San Miguel, which is controlled by billionaire Ramon Ang, is increasing its investments in solar farms and other renewable energy sources while abandoning coal projects in order to assist the Philippines in reducing its carbon footprint.
“Our journey toward sustainability has reached a significant milestone,” Ang, president of San Miguel, wrote on Saturday in a Facebook post. “Recently, we took the bold step of abandoning our expansion plans for new coal projects. Rather than that, we are expanding our renewable energy capacity. This has not been easy, as our country continues to rely heavily on affordable and reliable traditional energy sources.”
The Philippines is heavily reliant on fossil fuels, with coal-fired power plants producing 58.2 gigawatt hours of electricity in 2020, according to government data. That is more than half of last year’s total electricity production. In comparison, renewable energy sources provided only 21% of the country’s electricity.
San Miguel, which owns about a fifth of the country’s installed generating capacity, announced in April that it would invest $1 billion in the Philippines to build 31 new battery energy storage facilities with a combined rated capacity of 1,000 megawatts.
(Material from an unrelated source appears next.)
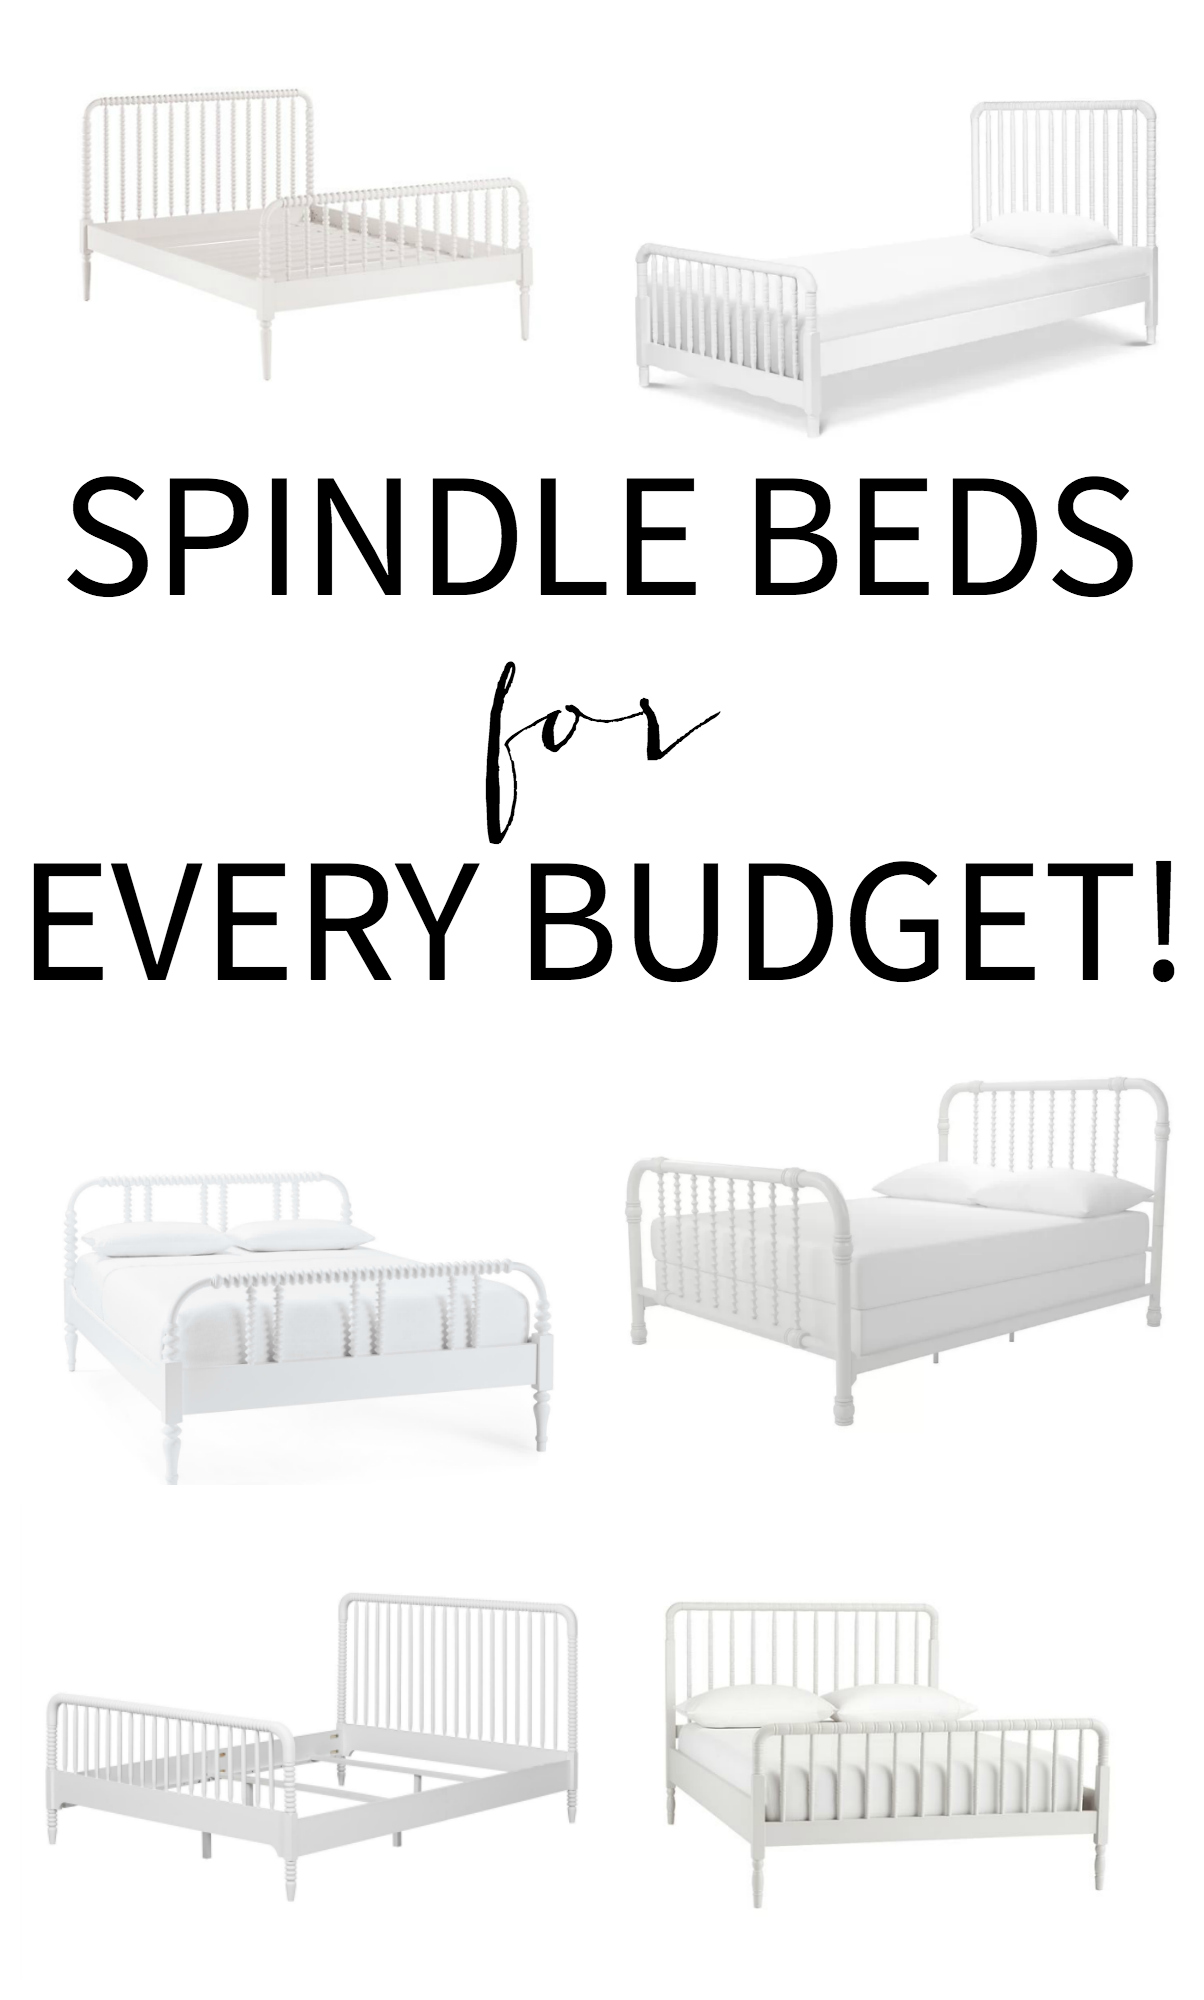 Jenny Lind spindle bed sources for every budget. You can get this classic, high end bed style at a great affordable price point!

“We have reached a point where we are confident that, through strategic collaborations and the application of new technologies, we can transition to a low-carbon future without jeopardizing our economy’s growing energy requirements,” Ang, 67, said.
Ang—who acquired the majority of his shares in San Miguel in 2012 from the late tycoon Eduardo Cojuangco Jr.—transformed the company from a brewer and food manufacturer into one of the country’s most diversified conglomerates with interests in real estate, oil refining, power generation, and infrastructure.
His most ambitious project is the construction of a mega international airport in Bulacan province, about 40 kilometers north of the Philippine capital Manila. It will cost 740 billion pesos ($14.8 billion) and will cover an area of 2,500 hectares (25 million square meters). When completed, the airport will be capable of handling up to 100 million passengers per year, roughly three times the capacity of the country’s primary gateway, Ninoy Aquino International Airport.
When the World’s Billionaires List was published in April, Ang was ranked as the 12th wealthiest person in the Philippines, with a net worth of $2.2 billion.